If you have already determined your calorie goal, skip down to How Many Calories Should I Eat? for tips on how many calories you should be eating each day based on that number.

If you don’t know how many calories to eat, we suggest using a Calorie calculator tool and starting with 1-2 days of food journaling before deciding whether or not counting calories works best for you.

How Does Your Basal Metabolic Rate (BMR) Affect Your Caloric Intake Needs?

Basal metabolic rate (BMR) is your body’s resting metabolic rate, or how many calories you burn just by existing.

BMR increases and decreases depending on a few different factors, but it’s a helpful starting point when calculating caloric intake needs.

Generally speaking, men with a larger bone structure require more energy than women do at rest; however, they burn fewer calories throughout their day because they have less muscle mass.

Age is also a significant factor—the older we get, our metabolism slows down as muscle mass declines and fat deposits accumulate.

A woman in her 30s will have about 25 percent fewer daily calories available to her than a man in his 30s because of these natural changes as she ages. 

This doesn’t mean that you can eat twice as much food or expect to be leaner if you’re a man who works out regularly, though.

Men need about 2,500–3,000 calories per day for general health and maintenance while women should aim for 1,800–2,200 calories per day based on size alone.

However, both sexes can benefit from getting regular exercise.

How Many Calories Should I Eat?

You can generally expect to consume about 2,000 calories per day while dieting.

This gives you a calorie deficit of 1,000 calories per day, which can cause you to lose between 0.5 and 1 pound per week (depending on your body weight).

There are other factors at play here, including your level of physical activity and current metabolic rate—but let’s just say that without cutting back on calories, you won’t be able to lose weight fast.

Most people should aim for between 1,200 and 1,500 calories per day.

For serious athletes or those who work out every day, these numbers may need to go up; but if you’re not very active, keep your number below 1,400.

Any eating plan worth its salt will help you control portion sizes. While it may sound like an obvious piece of advice—who doesn’t want to eat less?

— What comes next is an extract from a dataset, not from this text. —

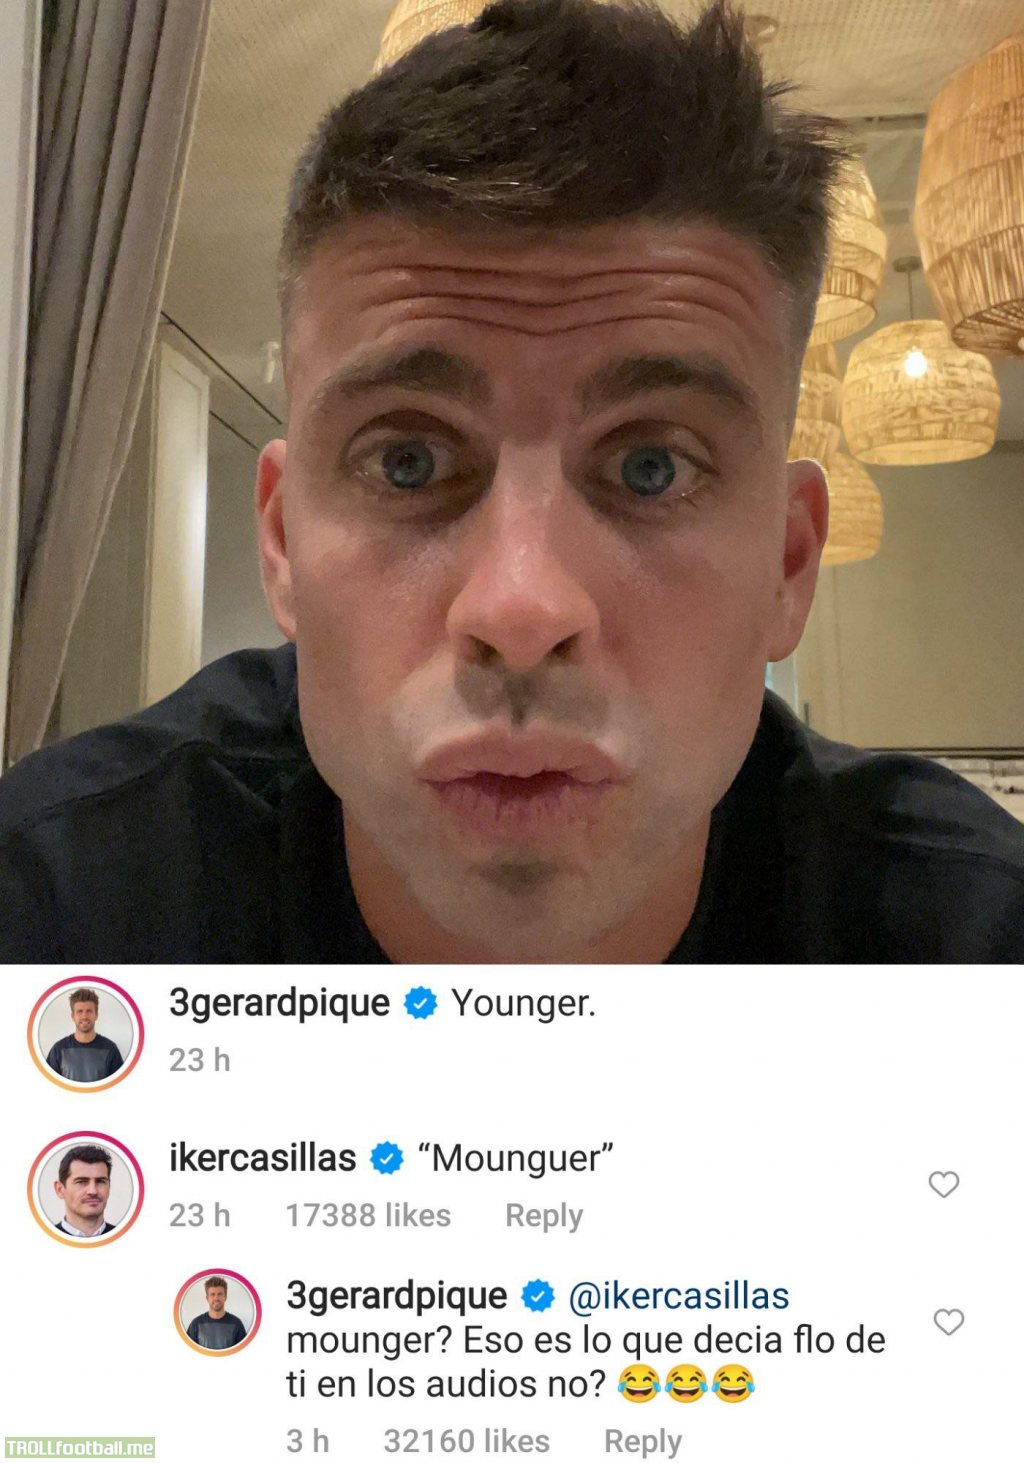 Piqué on IG “Younger”. To which Casillas commented “Mounguer” (Idiot). Piqué then replied “Isn’t that what Flo said about you in the recordings?”

It can actually take some time getting used to eating only until fullness; setting appropriate plate sizes, and understanding exactly what portions sizes really mean.

 Calculating Daily Calorie Needs

The number of calories a person eats per day varies depending on their level of physical activity.

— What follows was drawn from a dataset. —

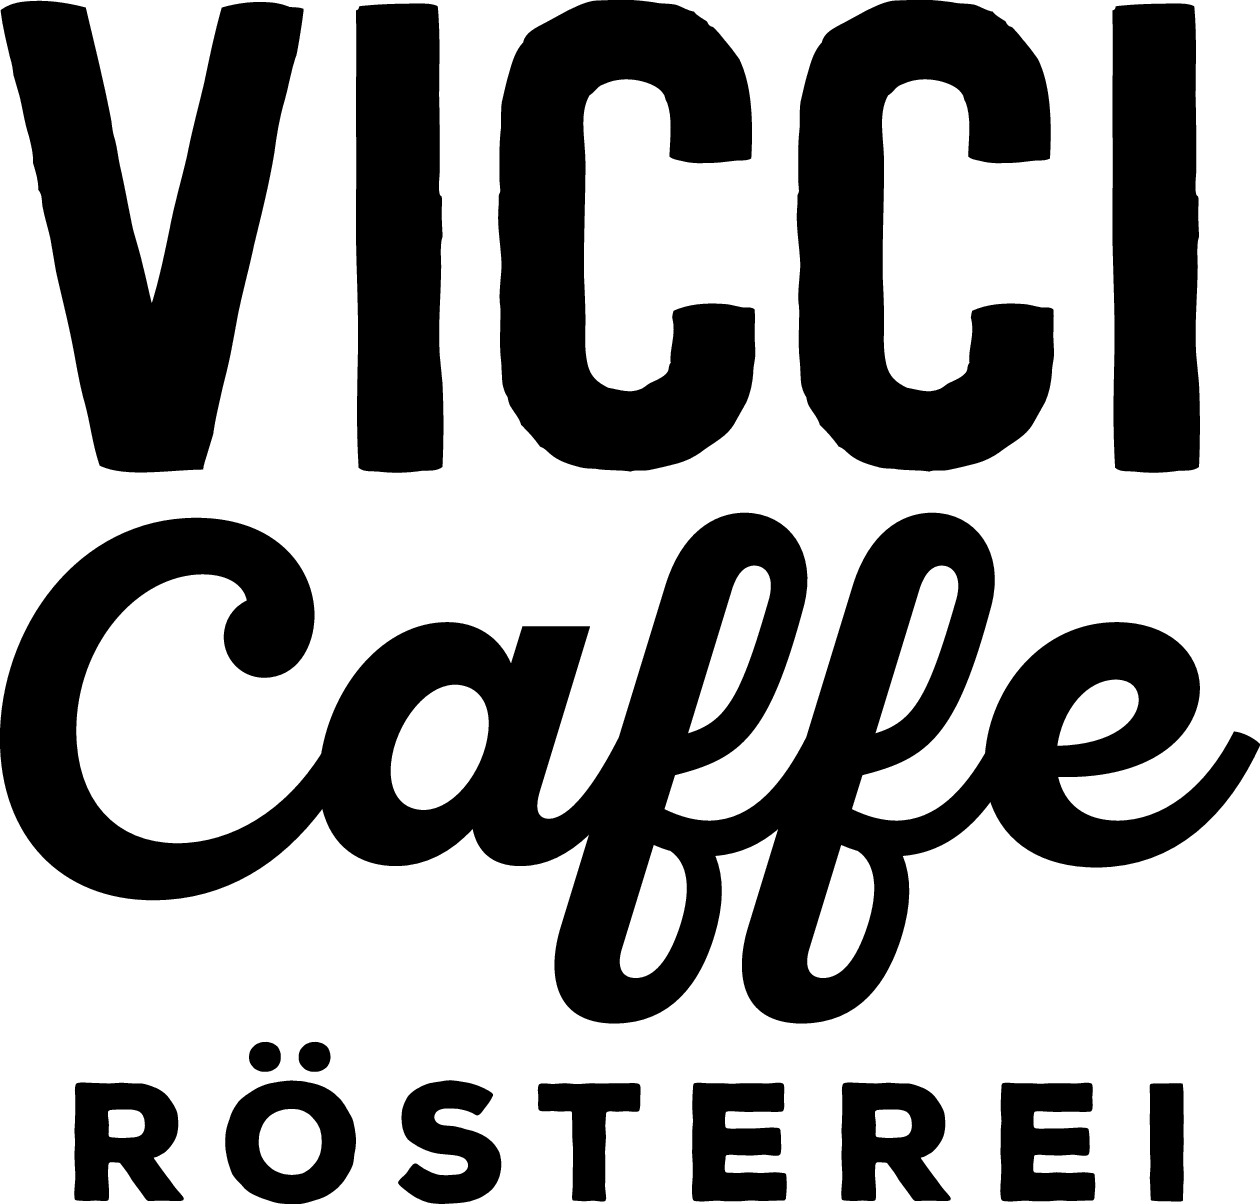 Vicci Caffe Rösterei GmbH & Co. KG Am Hasselt 15 24576 Bad Bramstedt

The three general categories are sedentary, moderately active and highly active.

Sedentary people who do not exercise will need approximately 1,600 calories a day to maintain a healthy weight.

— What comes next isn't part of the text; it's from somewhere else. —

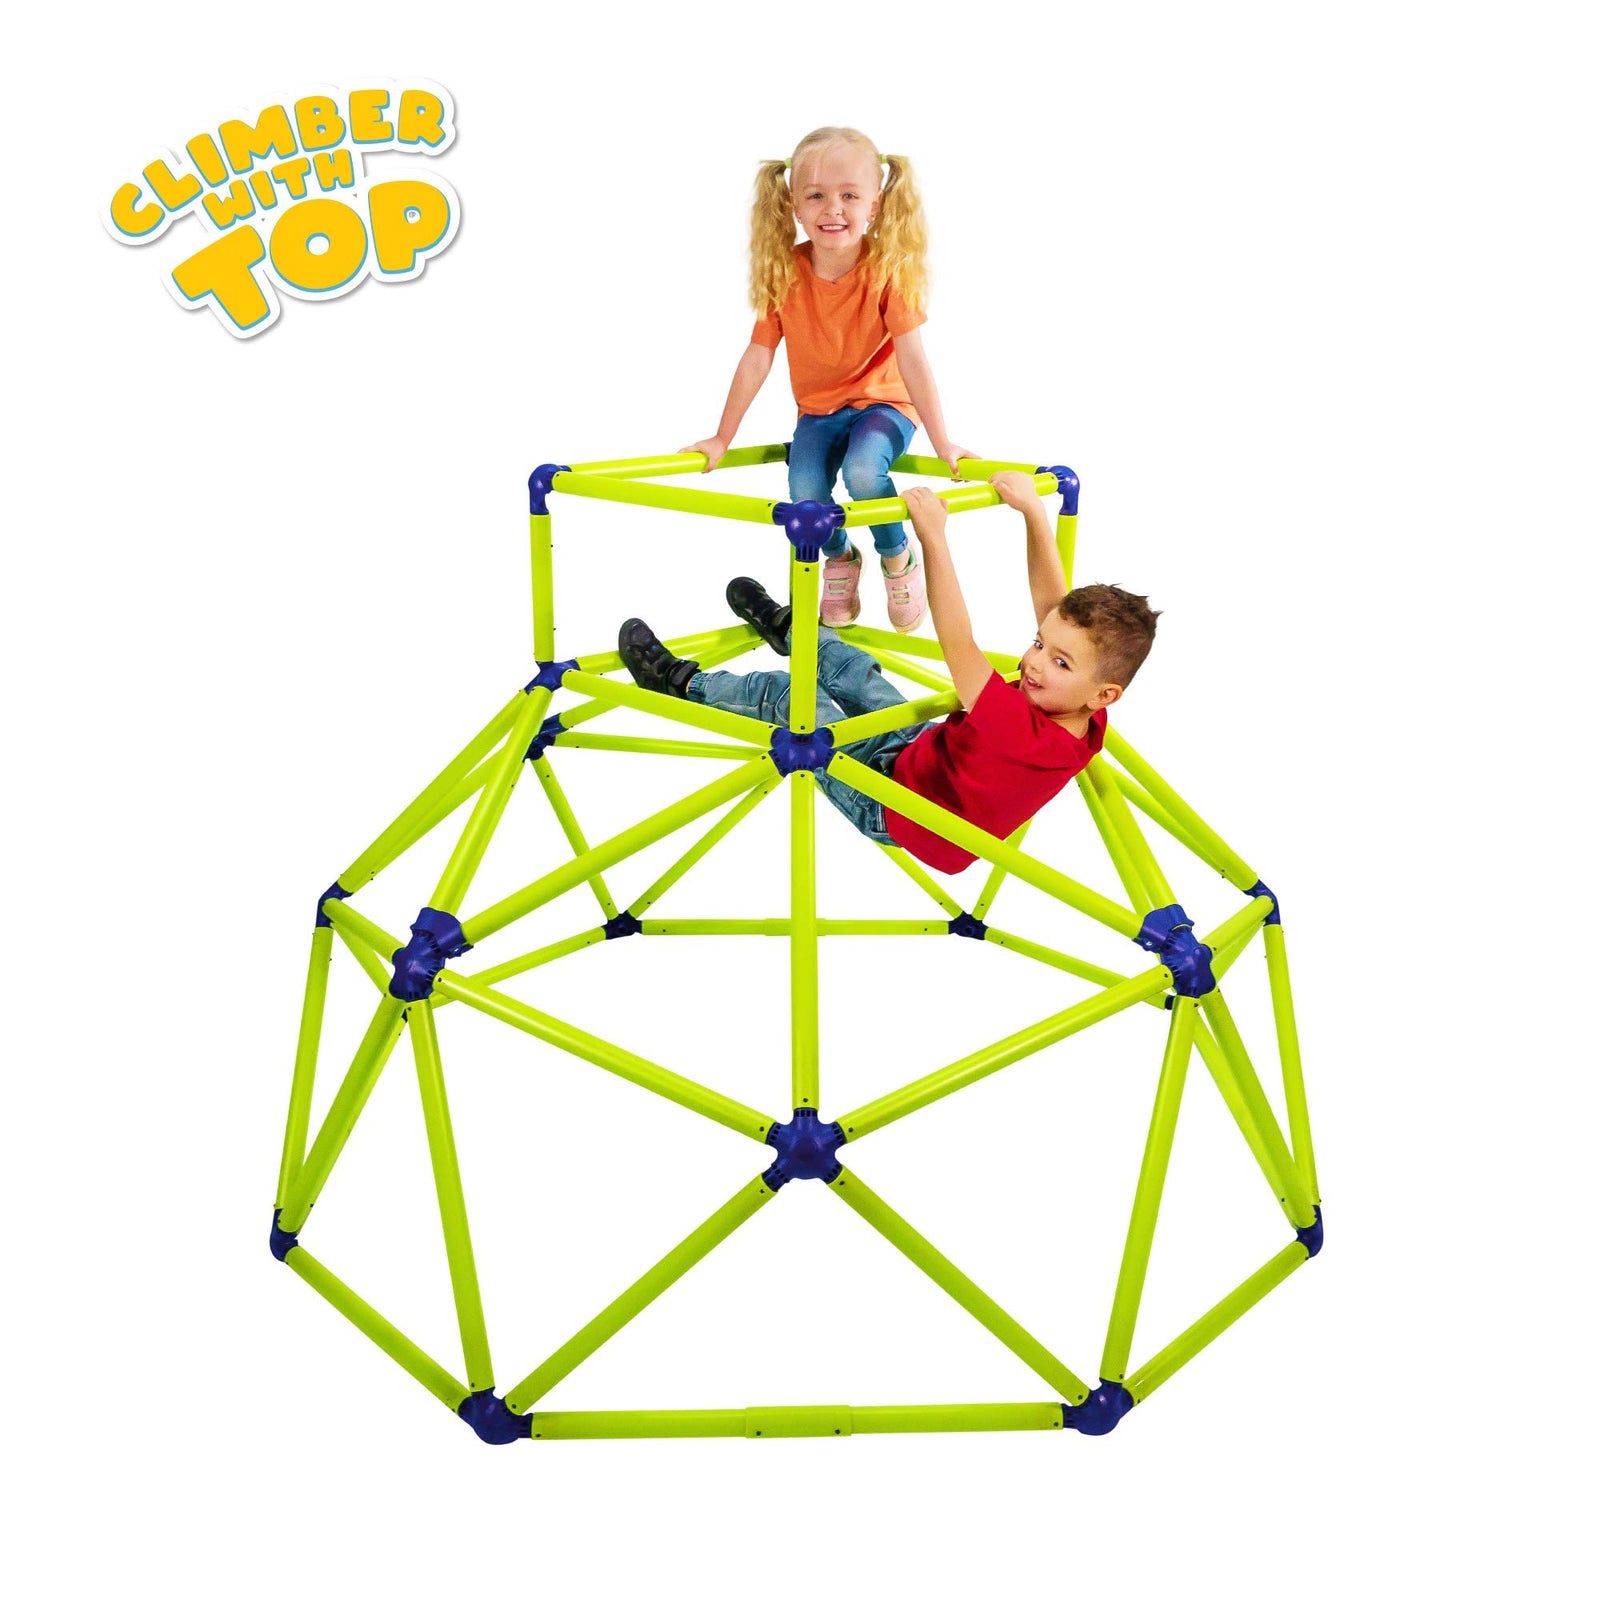 Eezy Peezy Monkey Bars Climbing Tower - Active Outdoor Fun for Kids Ages 3 to 8 Years Old, Green/Blue

Moderately active people will need 2,000 calories per day, while those who exercise regularly will have higher caloric needs.

Highly active men can consume 3,200 calories each day if they weigh more than 200 pounds or consume 2,800 calories a day if they weigh less than 200 pounds.

Highly active women should eat 2,400 calories a day if they weigh more than 210 pounds or 1,800 daily if they weigh less than 210 pounds.

Women who fall into either category should split their calorie intake into about 12 percent from carbs, 25 percent from fat and 61 percent from protein.

Don’t Let Your Daily Calorie Intake Get Too Low

If you’re trying to lose weight, your daily calorie intake should be less than what you expend through exercise and general activity.

For most people, that means consuming about 1,500 calories a day.

It can be tricky to know exactly how many calories that translates into—but if you take in fewer than 1,200 calories per day without exercising, you’ll start losing weight rapidly.

However, once your body enters starvation mode (which usually happens after one week) your metabolism will slow down dramatically.

This means it takes much longer for your body to shed those last few pounds.

So don’t let it get to that point! Instead, consume 1,200-1,300 calories each day and focus on moderate exercises such as light cardio or yoga two or three times a week.

As long as you’re maintaining proper hydration levels and getting enough fiber from whole grains, vegetables and fruit (that contain those good antioxidants), then burning off an extra 400-800 calories should be no problem at all.